“I want to do a proper job.”
That’s how Peter Mattei describes his approach to rehearsal and performance in advance of his role debut as Wozzeck. For anyone who has seen the way his commanding voice and consummate acting have come together to create some of the most compelling performances in recent Met memory, it seems like a bit of an understatement. But as he explains more about how he readies himself to take the stage, it becomes clear that, for him, “proper” is a very high standard.
The process begins with curiosity. “You go to a new country because you haven’t been there,” as Mattei puts it. So, when the Met approached him about adding Wozzeck to his repertoire, his first step was to dive into Berg’s harrowing psychological thriller and decide if it was a place he’d like to visit.

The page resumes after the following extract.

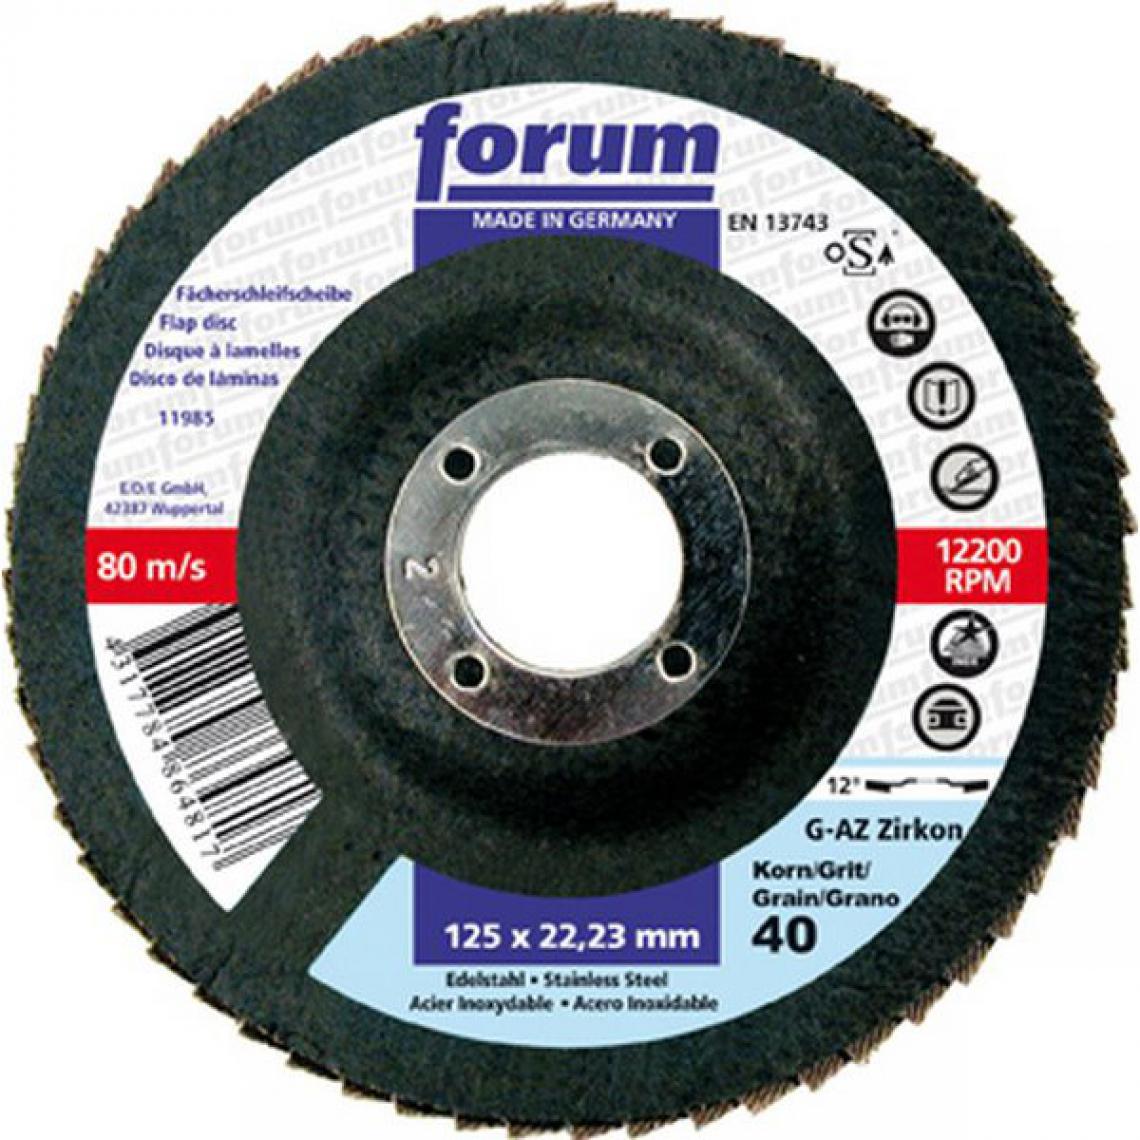 Forum - Meule-éventail Ø 115 mm (13300 tr/mn), 12° bombée, Grain : 80 - Accessoires meulage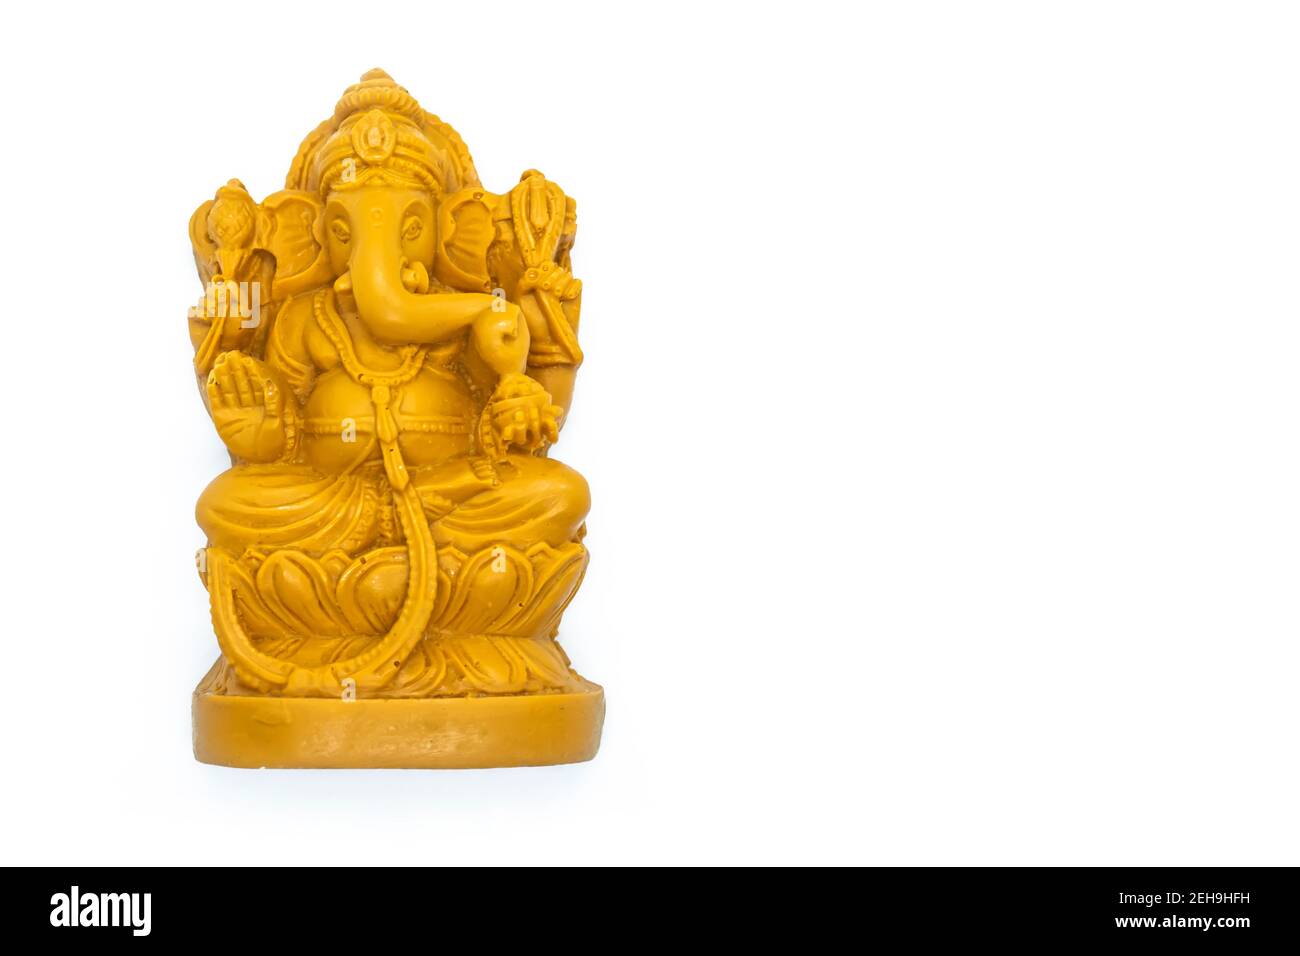 Ganesha statue of Hindu god Ganesha on white backgrounds Stock Photo ...

Mattei says that choice was easily made once he started to wrap his mind around the opera’s “extraordinary and fantastic combination of music, text, and character”—and the challenges and questions that they raise for the performer. For example, when he began studying the emotionally and psychologically damaged soldier, who is abused and belittled by everyone around him and is ultimately driven by madness and jealousy to kill the mother of his child, Mattei found himself grappling with even the most fundamental aspects of the character. “I had a problem understanding why Wozzeck would speak at all,” he says. “Most people, if they’ve been treated like that, don’t even open their mouths.” Mattei can come up with several explanations, but the final answers would come later, as the rehearsal process continued and he worked with director William Kentridge, Met Music Director Yannick Nézet-Séguin, soprano Elza van den Heever, who co-stars as Marie, and the rest of his colleagues to arrive at a unified vision for the opera. “It’s no use to build an interpretation of my character before I know the terrain,” he says. “Should I pick a Jeep or a limousine? It depends on the road.”
Once he’s mapped his course, however, Mattei knows what is required to give a convincing portrayal onstage. Mostly, the elements are obvious: emotionally expressive singing, carefully considered body language that reveals the character’s thoughts even when silent, and realistic reactions to the surrounding action. But none of this is possible until the singer’s first priority—the music—has been mastered. “At first, 95 percent of your effort is to get the music right, and you only have five percent for the acting,” Mattei says. “But over time, slowly, the music comes easier and easier, and you can let the acting in. Once you really know the music, you can think around it, against it—you can act, juggle, do a lot of things, and the music will just float out without thinking.”
In the case of Wozzeck, mastering Berg’s brilliant but thorny music is a particularly tall task. But it is precisely the opera’s difficult, sometimes disorienting nature that makes it great. “If this were a sunny story, and Wozzeck were having fun, this music would not be so good,” Mattei says. “But it is a horrible story, and very realistic, and the music is absolutely spot on. If you hear just one bar of it, you know what the opera is about.” But he emphasizes how important the details are, and how precisely everything must be executed for it to work. “Every little strange, horrible sound is full of nuance and expression. When you sing it right, and you and the orchestra are exactly in tempo, it’s like a precision watch—but it’s very hard.”
Mattei mentions the particular challenge of the relationship between the singers and the orchestra. “The themes themselves can be very melodic, but the orchestra is always a half-tone down or a half-tone up, and there’s always a dissonance in the chords” he says. “There’s a tension that reflects the pain and suffering of the characters.”
Ultimately, that tension, that pain and suffering, are the point. Wozzeck is based on a true story of a 19th-century German soldier who, in a fit of jealousy, stabbed the woman with whom he was living to death. The episode drew breathless coverage in newspapers of the time and became an early “true crime” sensation. “At the time, they were very interested in his psyche, and what happens when you end up in this kind of mental state,” Mattei says. “But the opera itself is not a judgmental piece. It doesn’t judge Wozzeck or Marie. It just shows a realistic, tough thing.” And he is committed to using everything in his singing and acting arsenal to help fully realize the opera’s thought-provoking—and disturbing—potential. “If it works, you will feel uncomfortable, and I think that’s the meaning of the piece.”